TASK BRIEF:
Retype only the lines below from the one with "VACINAÇÃO COVID-19 - DIA 28 DE FEVEREIRO" to the one with "begin uw dag", inclusive, skipping every image.
===== GIVEN ENTRIES
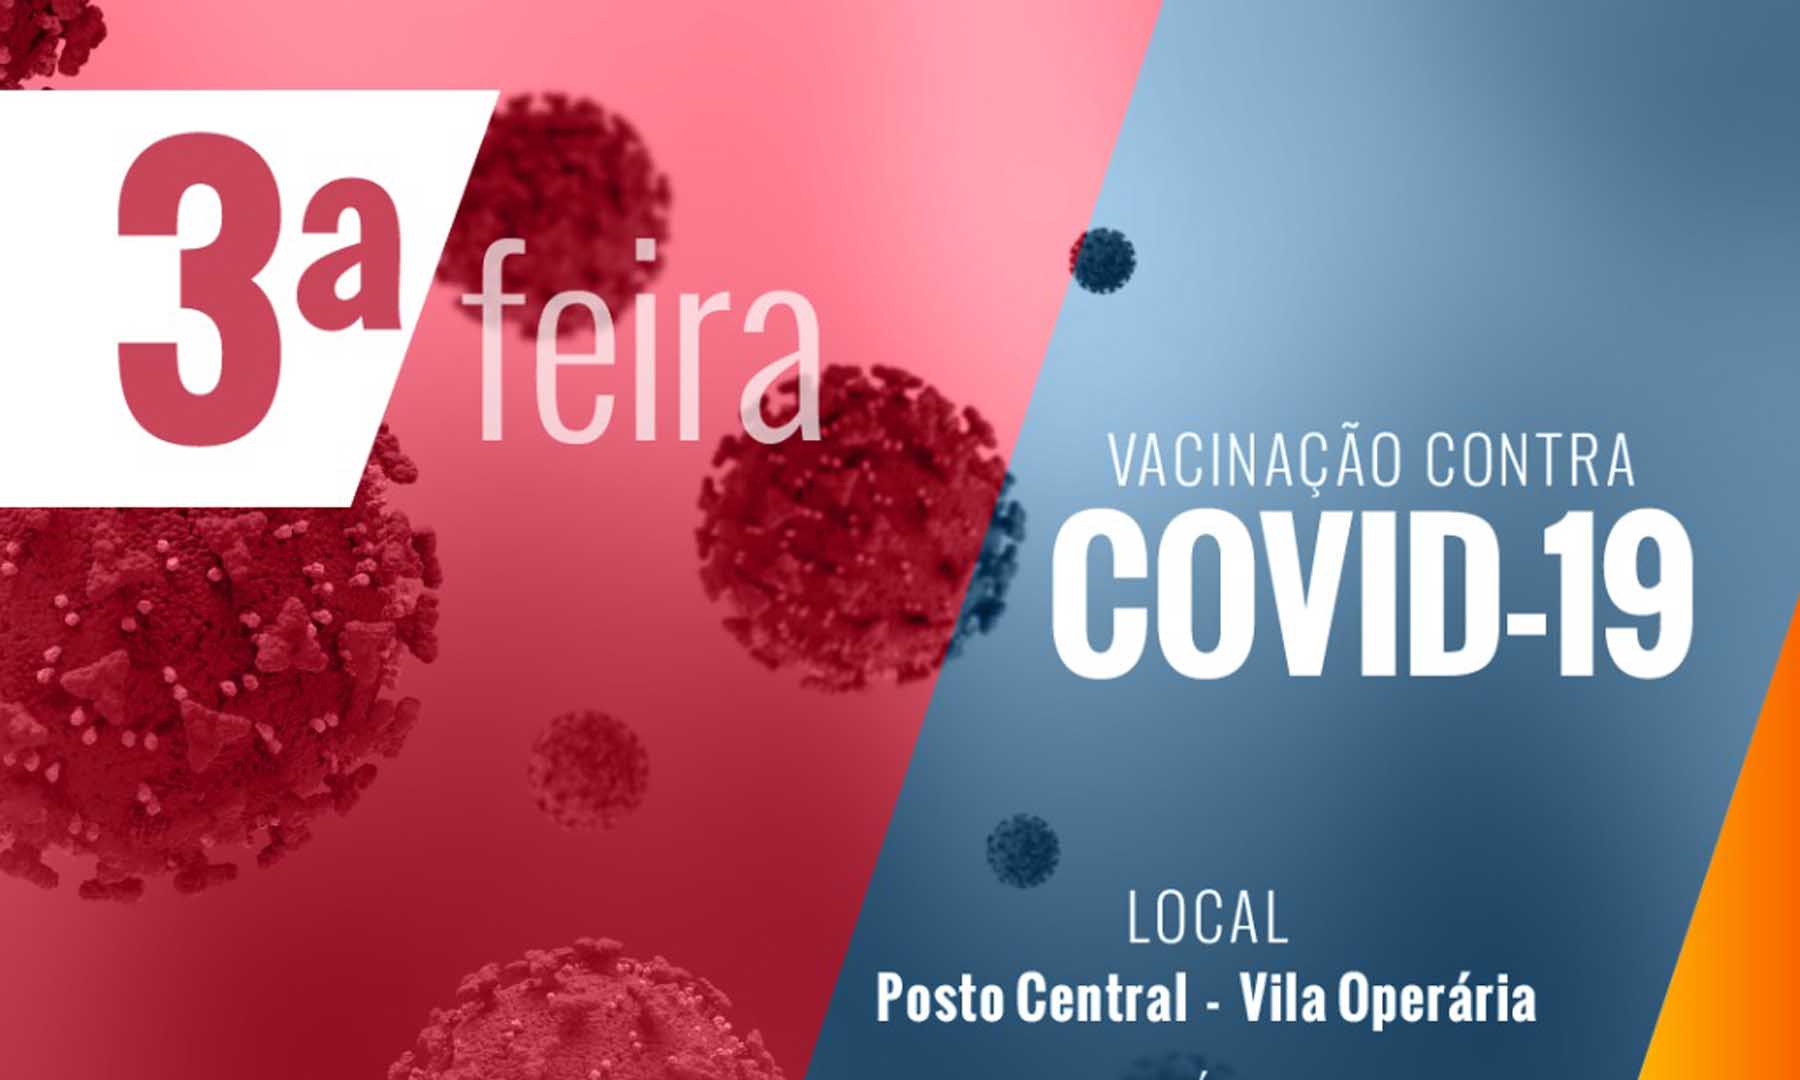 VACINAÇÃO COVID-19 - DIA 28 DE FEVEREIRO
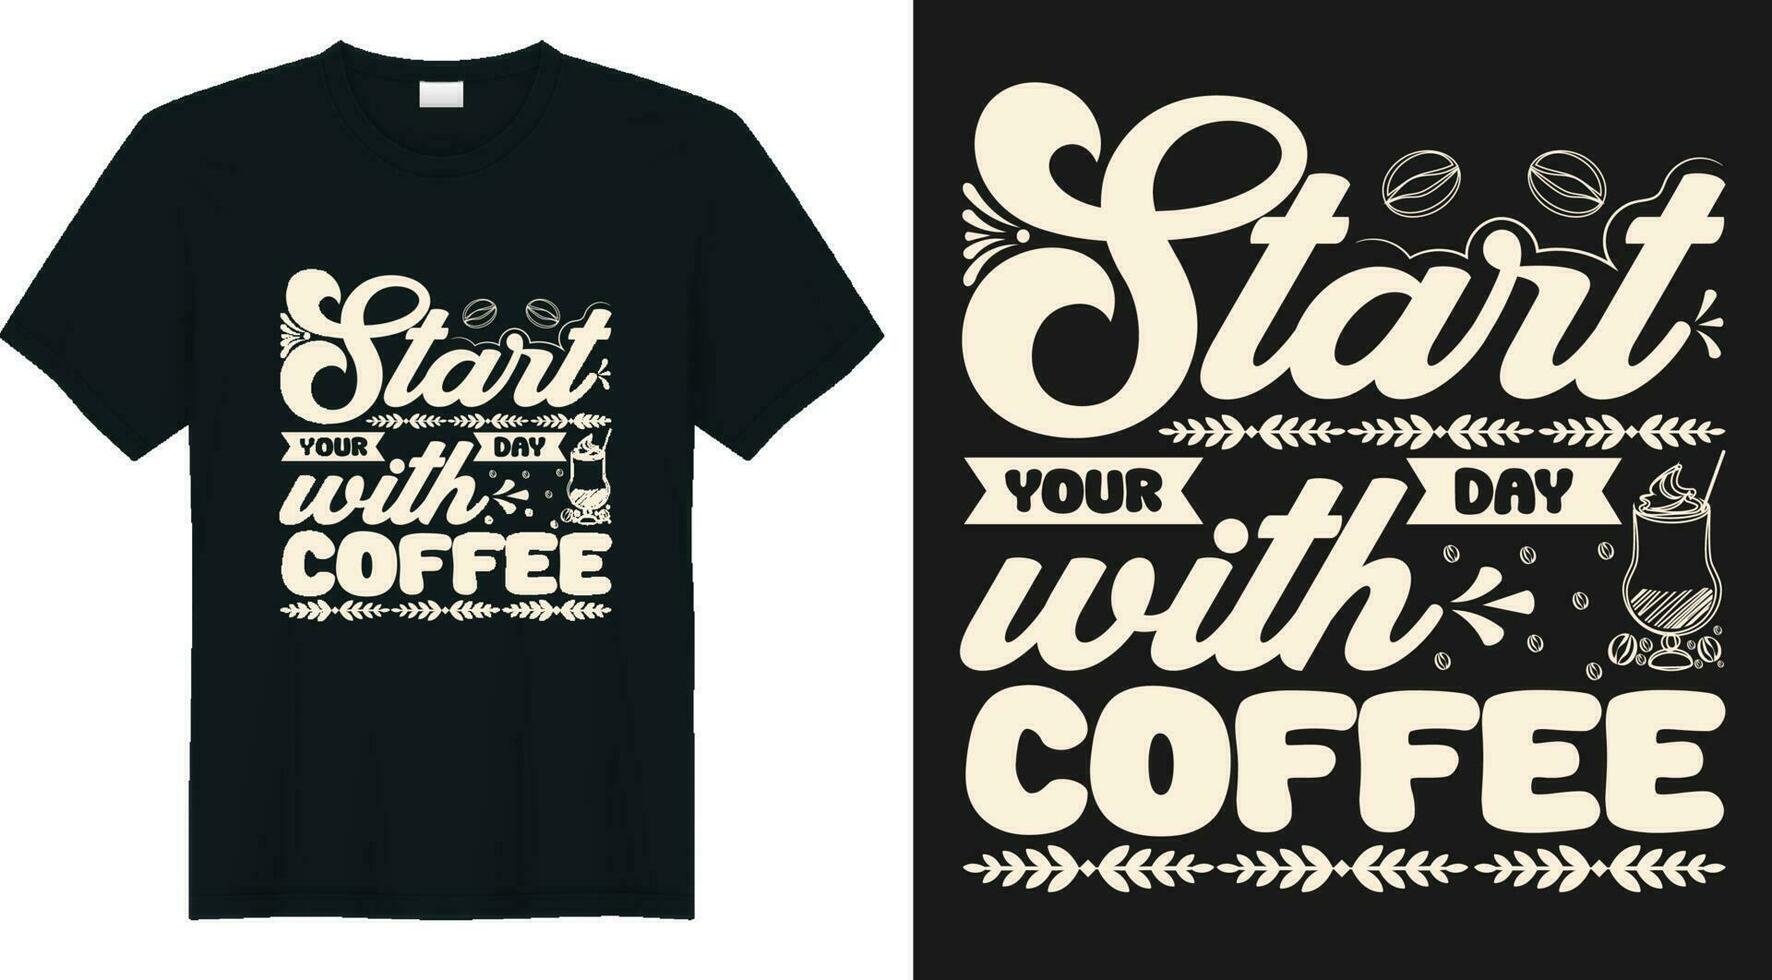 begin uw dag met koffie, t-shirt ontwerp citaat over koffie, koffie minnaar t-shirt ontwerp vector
==========
===== GIVEN ENTRIES
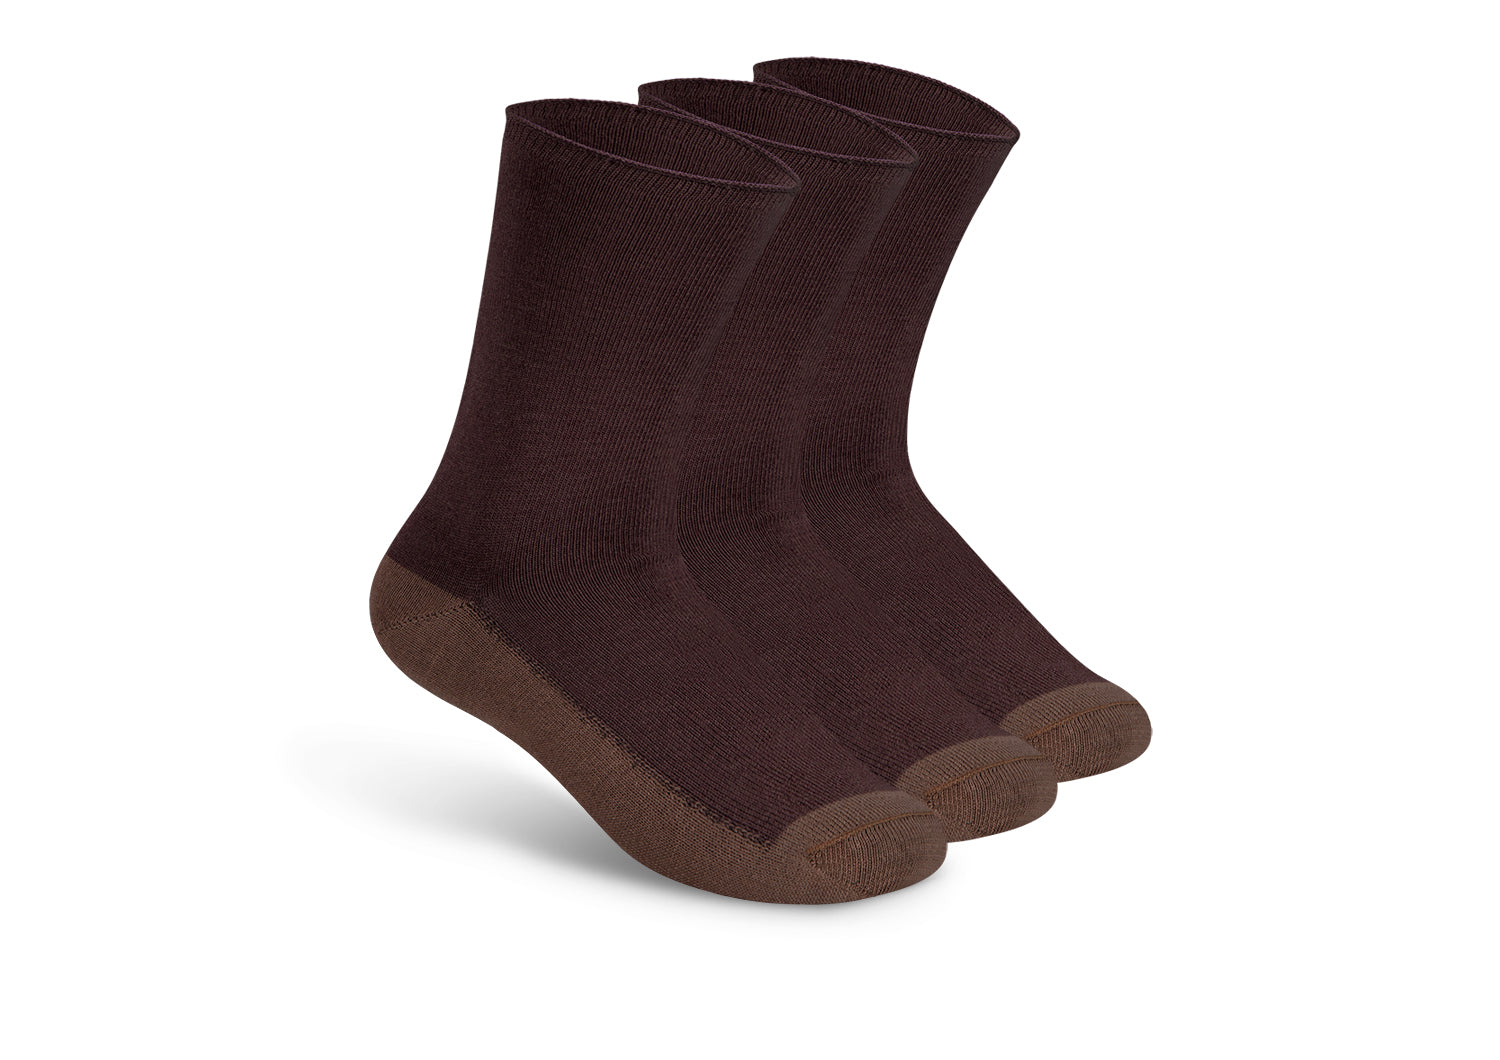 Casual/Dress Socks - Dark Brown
==========
===== GIVEN ENTRIES
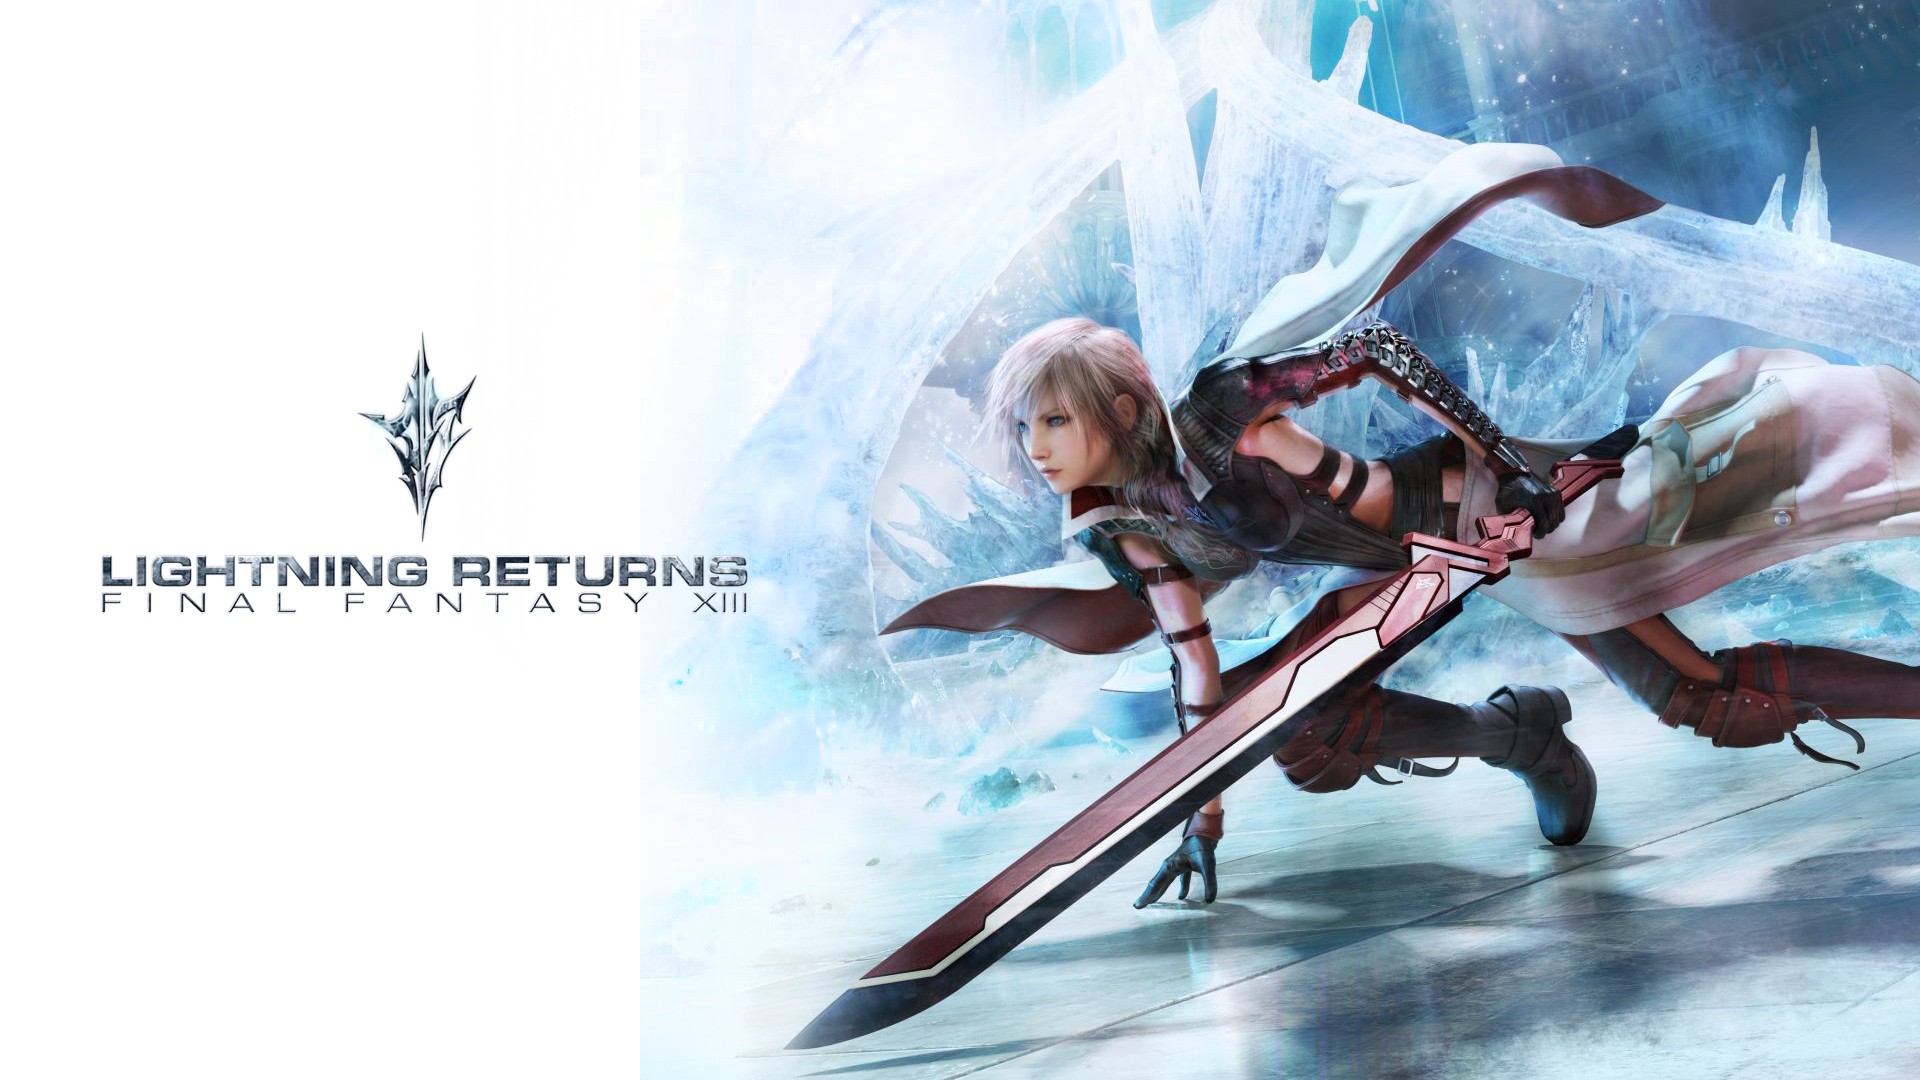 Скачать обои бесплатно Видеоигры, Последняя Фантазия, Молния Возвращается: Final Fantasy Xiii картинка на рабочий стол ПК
==========
TASK ANSWER:
 VACINAÇÃO COVID-19 - DIA 28 DE FEVEREIRO
 begin uw dag met koffie, t-shirt ontwerp citaat over koffie, koffie minnaar t-shirt ontwerp vector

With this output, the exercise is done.